Genomic prediction of wild-derived powdery mildew resistance for strawberry (Fragaria × ananassa) pre-breeding
摘要
Genomic prediction (GP) has become an essential tool for accelerating modern plant breeding, particularly for complex traits. We evaluated different GP approaches for pre-breeding in thirteen biparental strawberry families derived from crosses between Fragaria virginiana and Fragaria chiloensis, focusing on resistance to powdery mildew (PM) in both leaves and fruits. Five-fold cross-validation using Genomic Best Linear Unbiased Prediction (GBLUP) for combined-year data yielded mean predictive abilities (PAs) of 0.56 and 0.36 for leaf and fruit resistance, respectively. Family-based GBLUP analyses showed higher PAs for closely related families, ranging from 0.10 to 0.89. Simulations identified key parameters: training sets comprising 40% of the population provided stable predictions for both traits, while ≈8300 SNPs were sufficient for predicting leaf resistance. However, PA for fruit resistance remained consistently low regardless of marker density.

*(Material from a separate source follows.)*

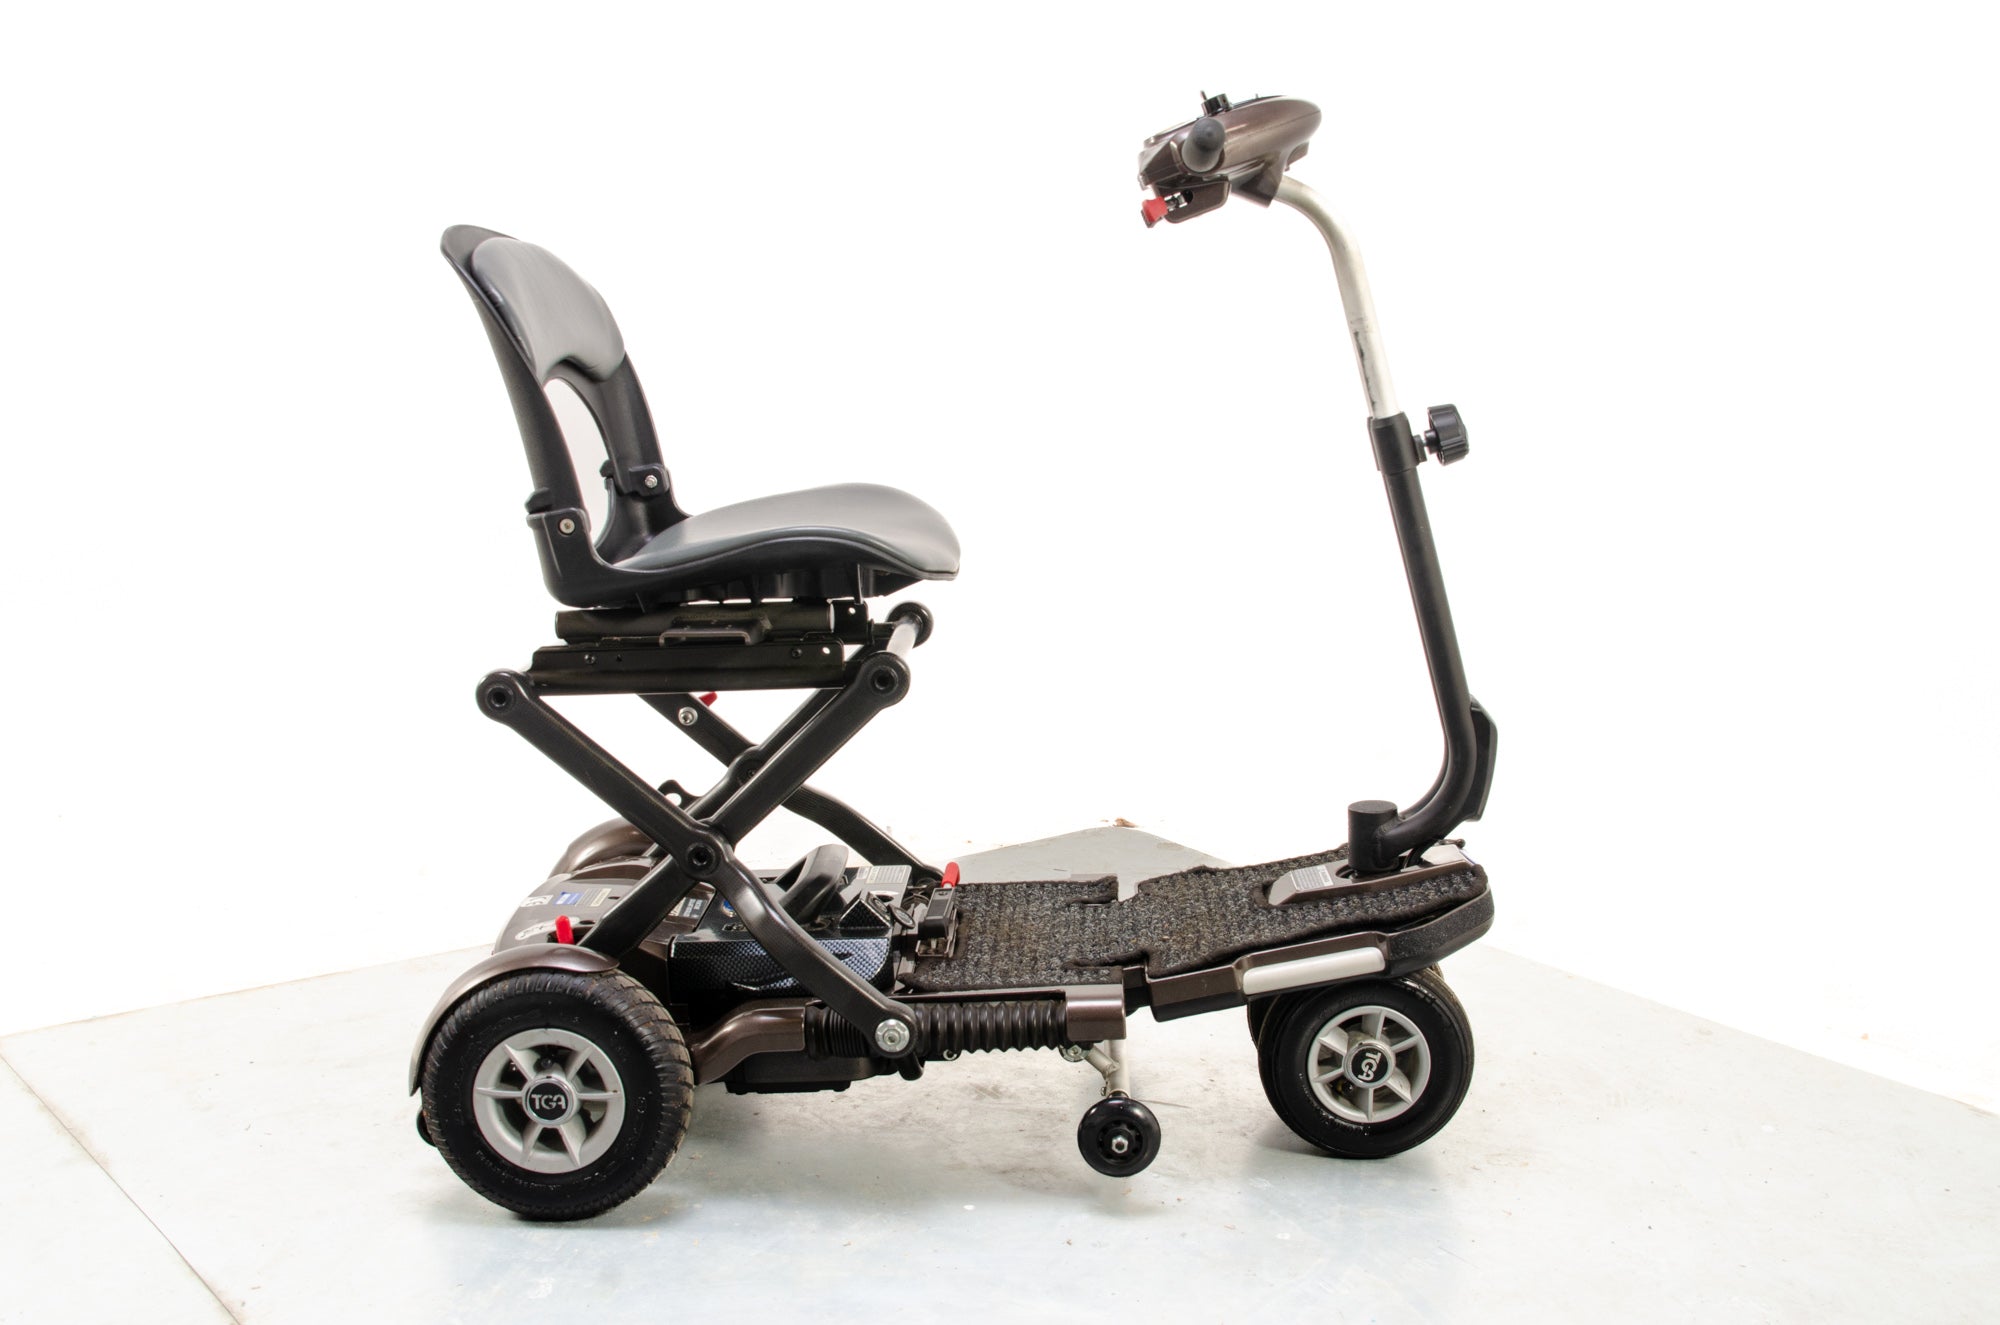 TGA Minimo Used Mobility Scooter Small Compact Folding Travel Lithium Battery Lightweight 16005

We then compared GBLUP with a marker-assisted model that iteratively incorporated the major resistance loci as fixed effects. This strategy increased PA by ≈10–30% for leaf resistance and ≈25–47% for fruit resistance across models. We further applied cross-environment forward prediction in independent greenhouse and separate field validation trials. The GBLUP model maintained substantial PA when trained on either the full population or a 40% subset, demonstrating robustness in predicting new genotypes across distinct environments. Our findings highlight the importance of taking trait genetic architecture into account to enhance PAs for PM resistance in strawberry. Together, these results provide evidence-based thresholds for training population size and marker density, offering a framework for efficient implementation of genomic selection in strawberry pre-breeding populations.